Step 2: Update caller in running_scheduler.go

Find the call to ClaimAvailableTaskRuns in backend/runner/taskrun/running_scheduler.go and add the replicaID parameter:

go
// Change from:
claimed, err := s.store.ClaimAvailableTaskRuns(ctx)
// To:
claimed, err := s.store.ClaimAvailableTaskRuns(ctx, s.profile.DeployID)

Step 3: Verify it compiles

bash
go build ./backend/...

Step 4: Commit

bash
but commit <branch> -m "feat: set replica_id when claiming task runs"
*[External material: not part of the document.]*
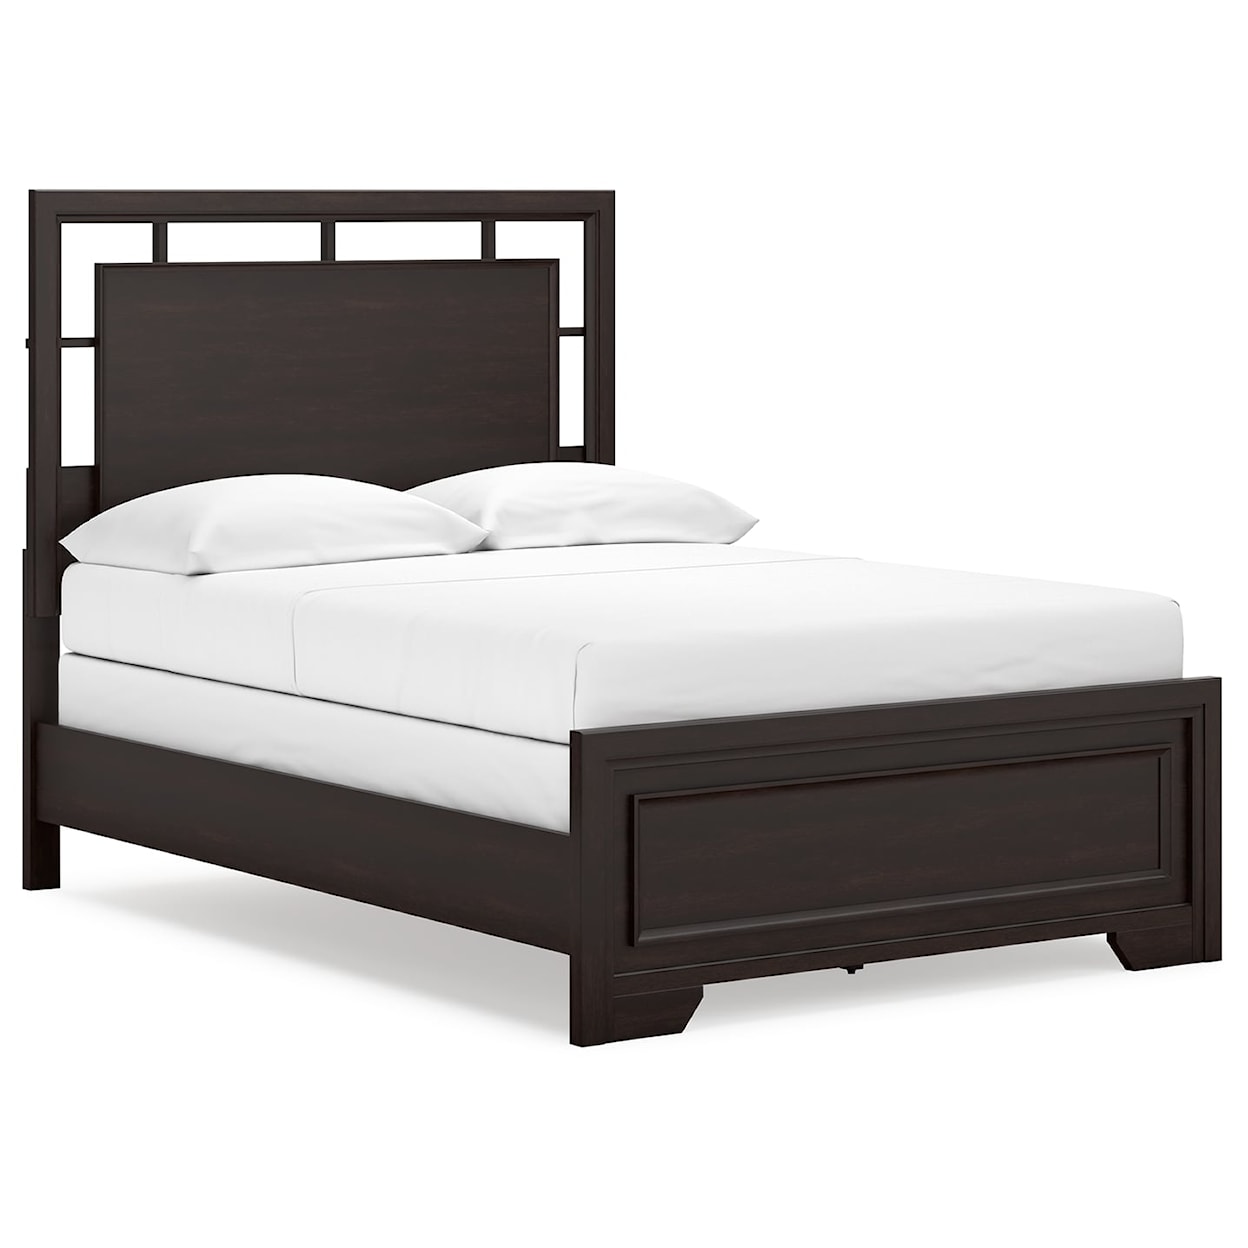 Benchcraft Covetown Full Panel Bed

Task 5: Create Heartbeat Runner

Files:

  • Create: backend/runner/heartbeat/runner.go

Step 1: Create heartbeat runner

Create backend/runner/heartbeat/runner.go:

go
package heartbeat

import (
	"context"
	"log/slog"
	"sync"
	"time"

	"github.com/bytebase/bytebase/backend/common/log"
	"github.com/bytebase/bytebase/backend/component/config"
	"github.com/bytebase/bytebase/backend/store"
)

const (
	heartbeatInterval = 10 * time.Second
)

// Runner sends periodic heartbeats to indicate this replica is alive.
type Runner struct {
	store   *store.Store
	profile *config.Profile
}

// NewRunner creates a new heartbeat runner.
func NewRunner(store *store.Store, profile *config.Profile) *Runner {
	return &Runner{
		store:   store,
		profile: profile,
	}
}

// Run starts the heartbeat runner.
func (r *Runner) Run(ctx context.Context, wg *sync.WaitGroup) {
	defer wg.Done()

	ticker := time.NewTicker(heartbeatInterval)
	defer ticker.Stop()

	slog.Debug("Heartbeat runner started", slog.String("replicaID", r.profile.DeployID))
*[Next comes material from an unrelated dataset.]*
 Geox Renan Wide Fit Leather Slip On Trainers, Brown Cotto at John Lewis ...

	// Send heartbeat immediately on startup
	r.sendHeartbeat(ctx)

	for {
		select {
		case <-ticker.C:
			r.sendHeartbeat(ctx)
		case <-ctx.Done():
			return
		}
	}
}

func (r *Runner) sendHeartbeat(ctx context.Context) {
	if err := r.store.UpsertReplicaHeartbeat(ctx, r.profile.DeployID); err != nil {
		slog.Error("Failed to send heartbeat", log.BBError(err))
	}
}

Step 2: Verify it compiles

bash
go build ./backend/runner/heartbeat/...

Step 3: Commit

bash
but commit <branch> -m "feat: add heartbeat runner"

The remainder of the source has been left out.